Things had improved somewhat by that Spring though as the farming families involved were now allowed to go to fairs in order to restock rather slowly due to the fact that compensation paid for stock loss was totally inadequate. Now there is consternation because partners are not allowed to attend births in hospitals during this Covid19 pandemic but foot and mouth or not men were never present during childbirth in those days.

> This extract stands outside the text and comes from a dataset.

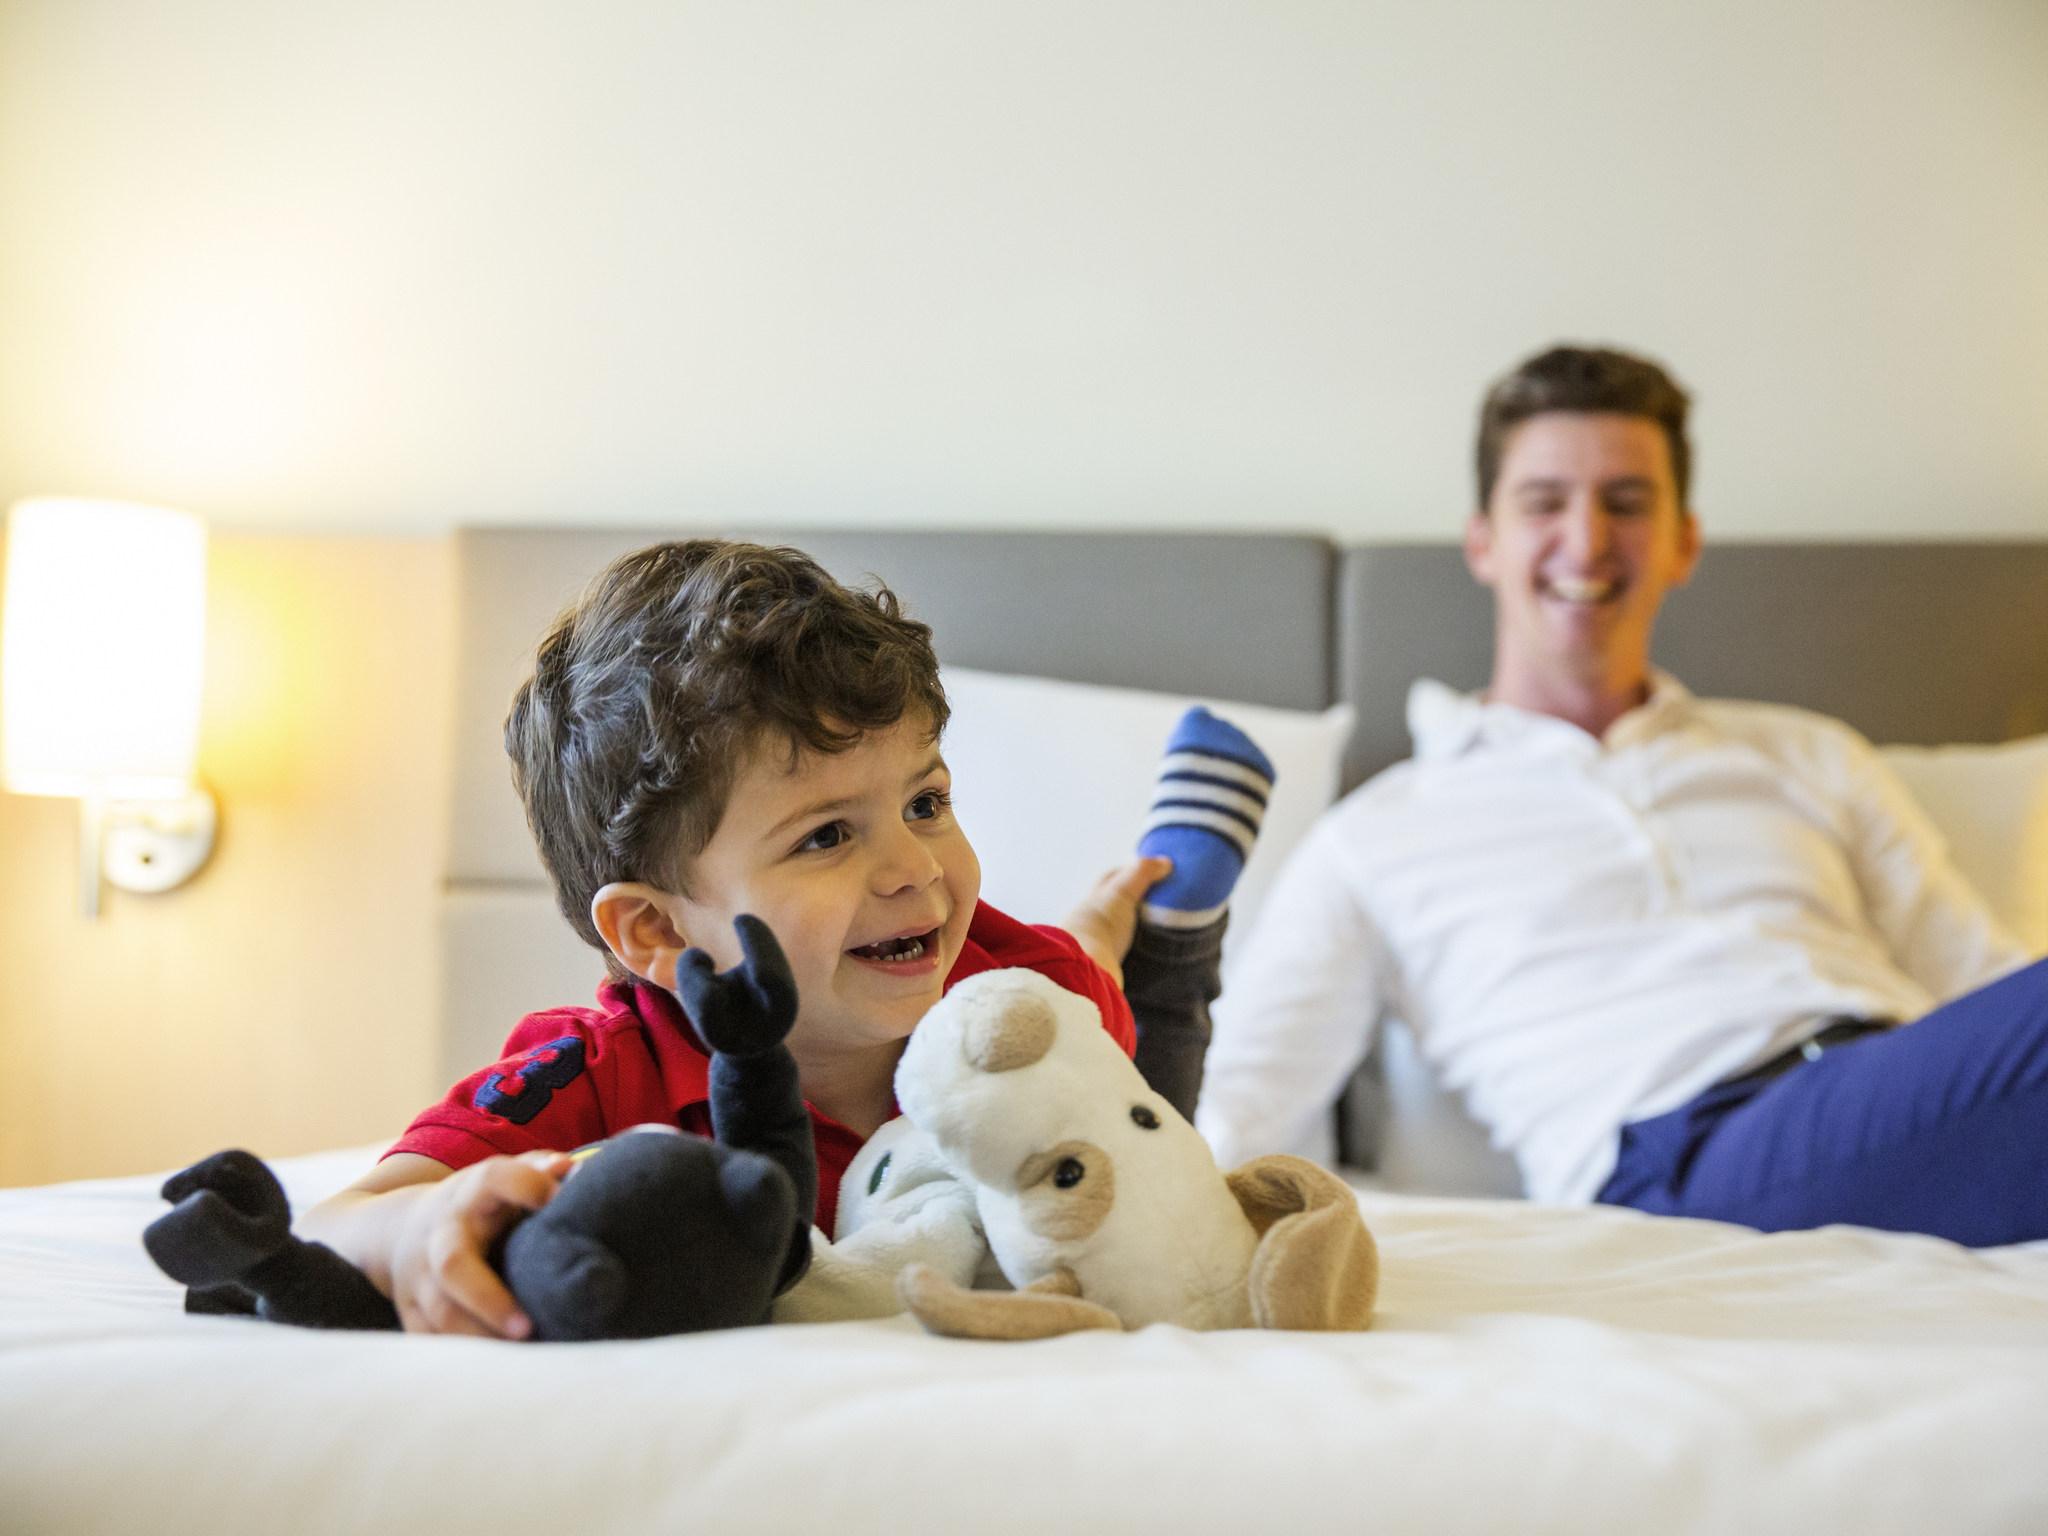 โรงแรม – โนโวเทลสวีทส์ ดูไบ มอล ออฟ เอมิเรตส์

I never knew anything about foot and mouth until the summer of 1946 when my father who was in the habit of walking his farm on Sundays accompanied by his two children and his sheepdogs to take stock of crop progress and fence flaws had occasion to instil in me a sense of the utter devastation that had numbed him and his neighbouring farmers in 1941.
We had come to a field of after grass where my brother and I on noticing a large level area about the size of a football pitch which was raised above the level of the field scampered to play there with our ball and the sheep dogs. I will never forget what I sensed in my Father’s voice when he gently asked us not to play there, that’s where all of the animals from the foot and mouth are buried.
Then I grew up and married a dairy farmer in Co Louth, although we escaped when there was another outbreak in the UK in the 1970s and were outside the exclusion zone when the outbreak occurred in Proleek during 2001 an awesome chill ran down my spine and set my tummy rolling then when the terrible news came over the air waves. My Father passed away in 1979, my Mother must surely relive every moment of those dreadful days of 1941 when she went on her daily walk to the bottom of the lane.
My mother passed to her eternal reward May 2010 in her 90th year, my husband Mickey McEvoy predeceased her aged 74 years in August 2009.
A lasting effect
I wrote an article titled A Lasting Effect in the third person (as Mam was still with us in 2001) and it was published in Senior Times issue April
2005. I also worked a few paintings in acrylics titled Before and After the Cull depicting Cooley without mountain or lowland sheep after the outbreak there during 2001. The boy with his pet lamb is my son Lorcan as a 4 year-old with one the pet lambs that he reared on a bottle after it was orphaned. To be honest I more or less had put the Proleek outbreak to the back of my mind even though some sheep farmers in the Cooley area felt that they had been unfairly treated regarding compensation. My husband Mickey and I were present when this issue was on the agenda at several Co., Louth IFA Executive meetings for some time afterwards and with the passing of time I thought that things had been resolved. However on Saturday morning February 27th 2002 former Co., Chairman Matthew Mc Greehan when interviewed on Country Wide spoke of the lasting effect that the most recent outbreak of Foot and Mouth in Ireland had on sheep farming in the Cooley area twenty years afterwards!! I am sure that this Covid 19 pandemic will have a lasting effect on all surviving humans world- wide for years and years to come but hopefully due to vaccines things will improve soon.